Semi-supervised multichannel speech enhancement with variational autoencoders and non-negative matrix factorization
This repository contains the Python implementation of the speech enhancement method proposed in the paper whose reference is below. We provide:
- the Keras implementation for training the supervised speech model, which is based on a variational autoencoder;
- the Keras models trained on the TIMIT database;
- the implementation of the proposed Monte Carlo expectation-maximization algorithm for performing speech enhancement.
Reference
Title: Semi-supervised multichannel speech enhancement with variational autoencoders and non-negative matrix factorization
Authors: Simon Leglaive, Laurent Girin, Radu Horaud
Conference: 2019 IEEE International Conference on Acoustics Speech and Signal Processing (ICASSP)
Article: here
Bibtex: here
Demos
Audio examples are available here.
Repository Content
Root directory
- VAE.py - Contains classes related to variational autoencoders, with several methods such as for training, encoding, decoding, etc.
- training_main_file.py - Main script for training the variational autoencoder.
- data_tools.py - Contains functions for computing the training data.
- MCEM_algo.py - Monte Carlo expectation-maximization algorithm.
- speech_enhancement_main_file.py - Main script for enhancing a noisy speech signal.
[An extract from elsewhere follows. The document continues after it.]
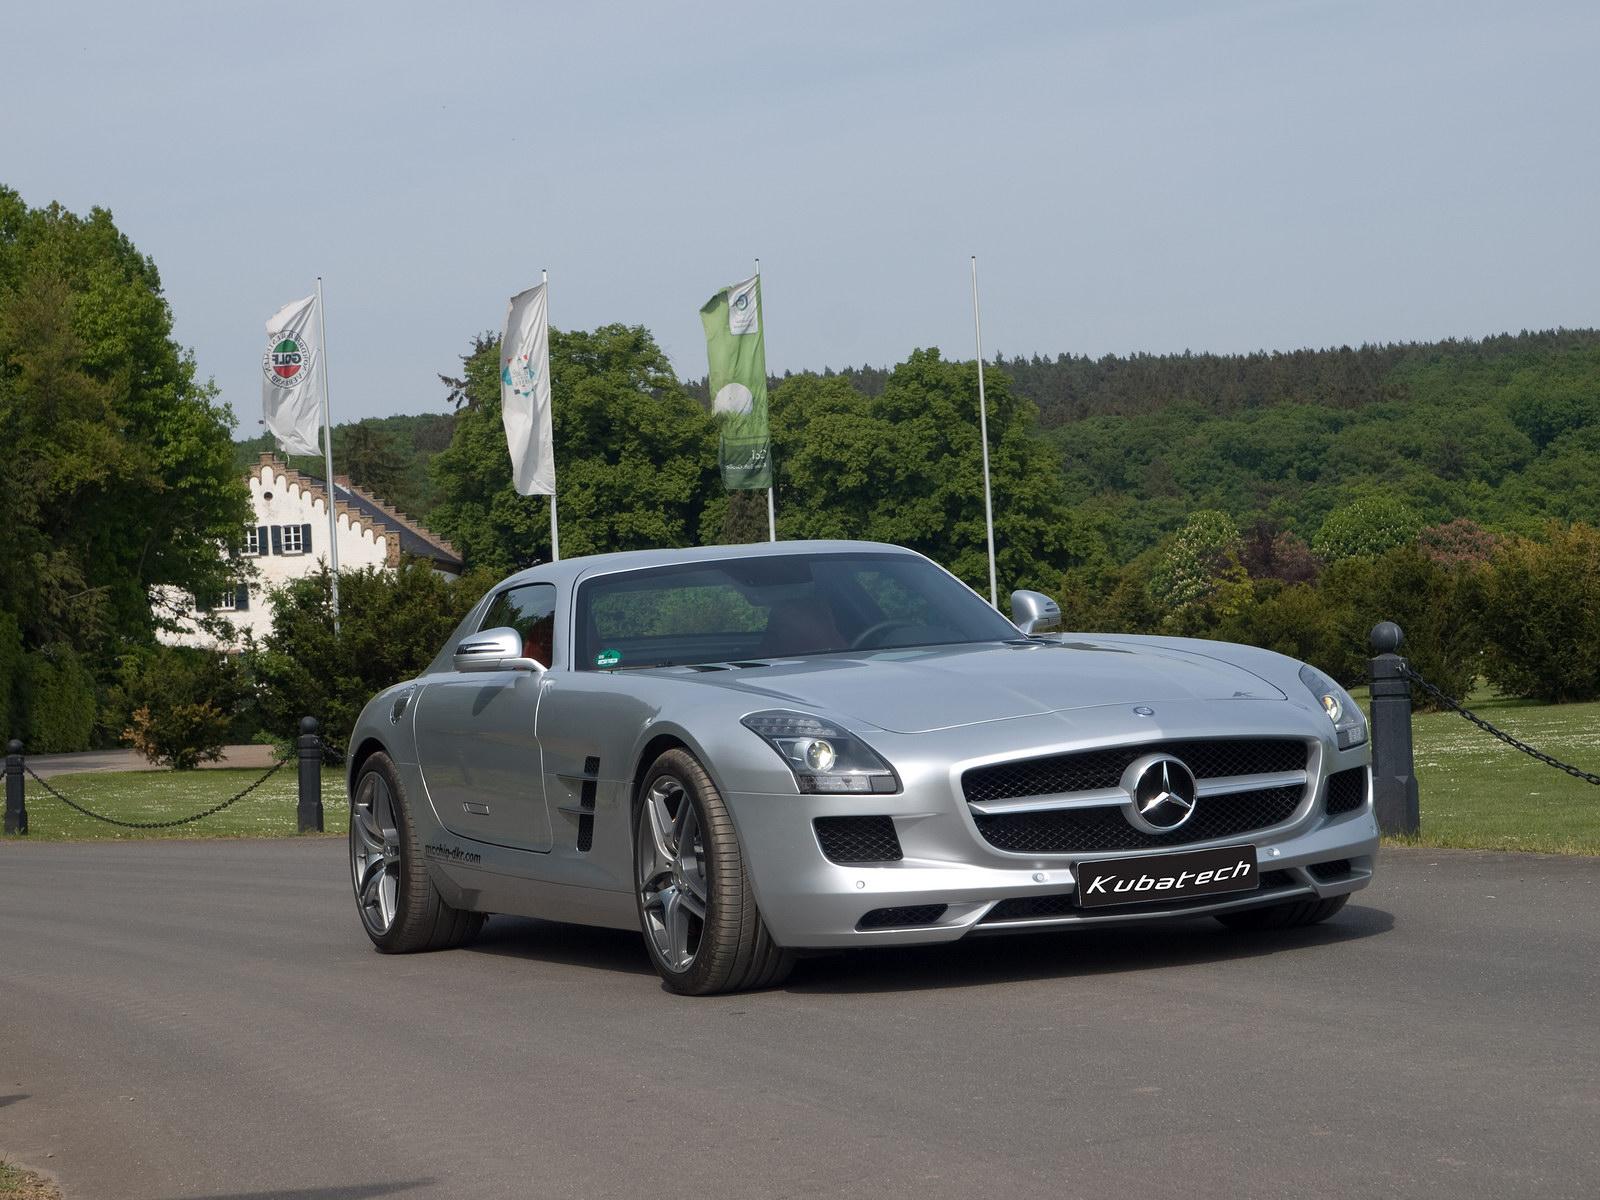 Kubatech dodal Mercedesu SLS AMG větší výkon 7

- utils.py - Functions used in the MCEM algorithm for solving algebraic Riccati equations and computing efficiently some matrix operations (multiplication, determinant, trace and inverse).
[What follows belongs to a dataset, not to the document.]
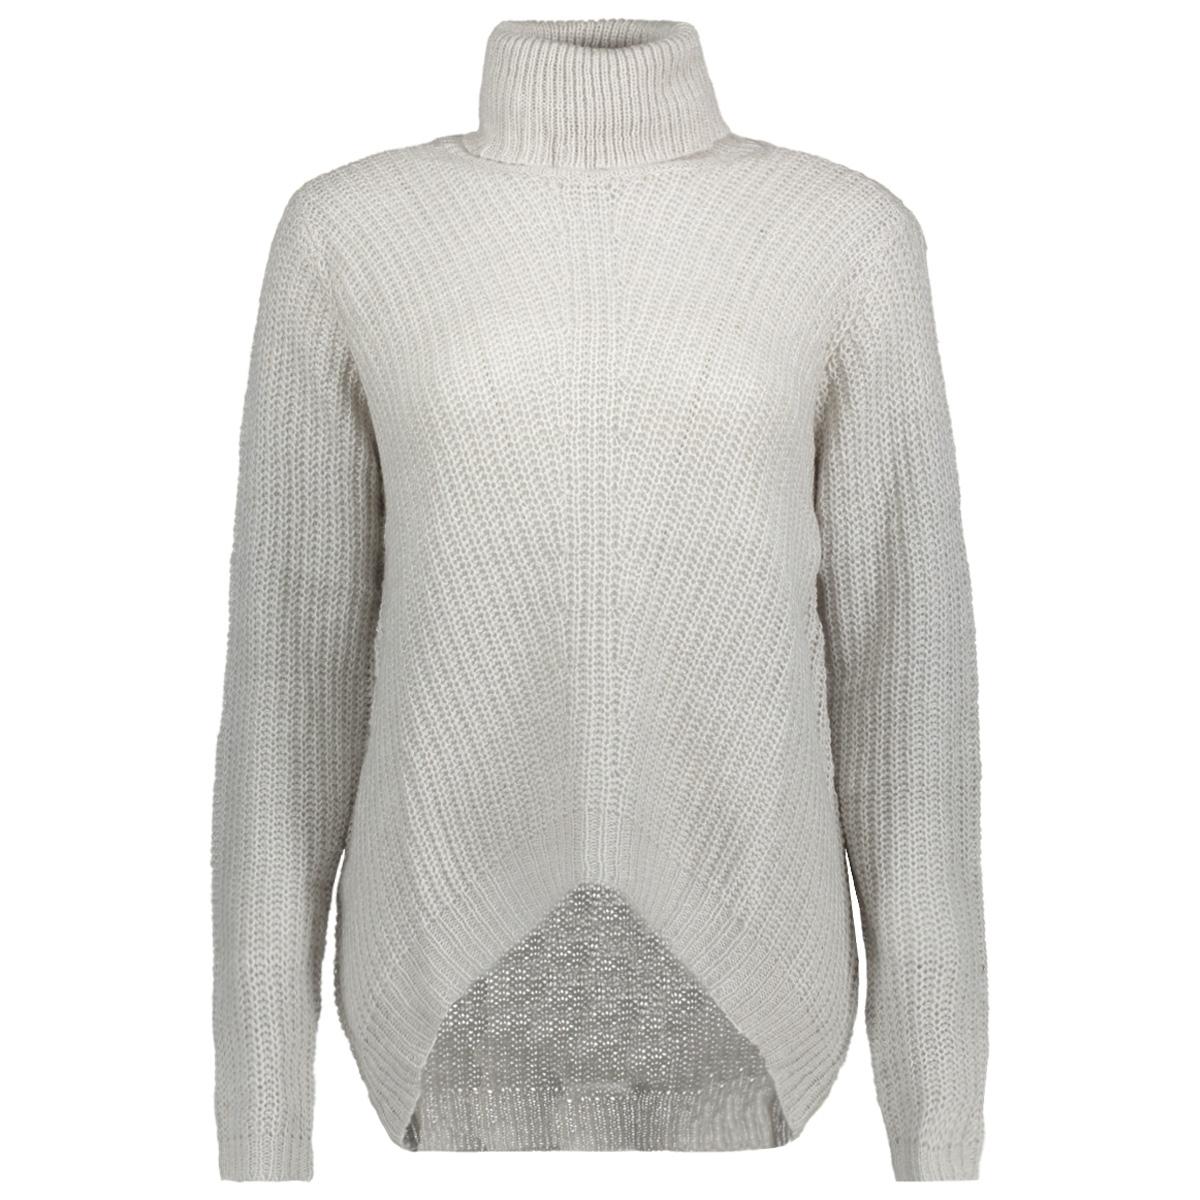 jdysanna l/s highneck pullover knt 15141006 jacqueline de yong trui white melange

- test_dataset_info.csv - CSV file describing how the 168 noisy mixtures used in the evaluation can be created from the TIMIT and DEMAND databases. The multichannel speech signals were created by simply delaying one channel with respect to the other one, according to a given direction of arrival and assuming a free field propagation. The recording setup is illustrated in 'recording_setup.txt'.
training_results
Each subfolder corresponds to a different choice for the dimension of the latent random vector involved in the variational autoencoder (8, 16, 32, 64 or 128).
- saved_weights.h5 - Weights of the network after training.
- parameters.txt - Network and training parameters in a text file (see training_main_file.py and data_tools.py).
- parameters.pckl - Network and training parameters in a pickle file (see training_main_file.py and data_tools.py).
Conda Requirements
Please refer to the two YAML files containing the conda environements used for training ('conda-environment-gpu-training.yml') and testing ('conda-environment-test.yml').
License
See LICENSE.txt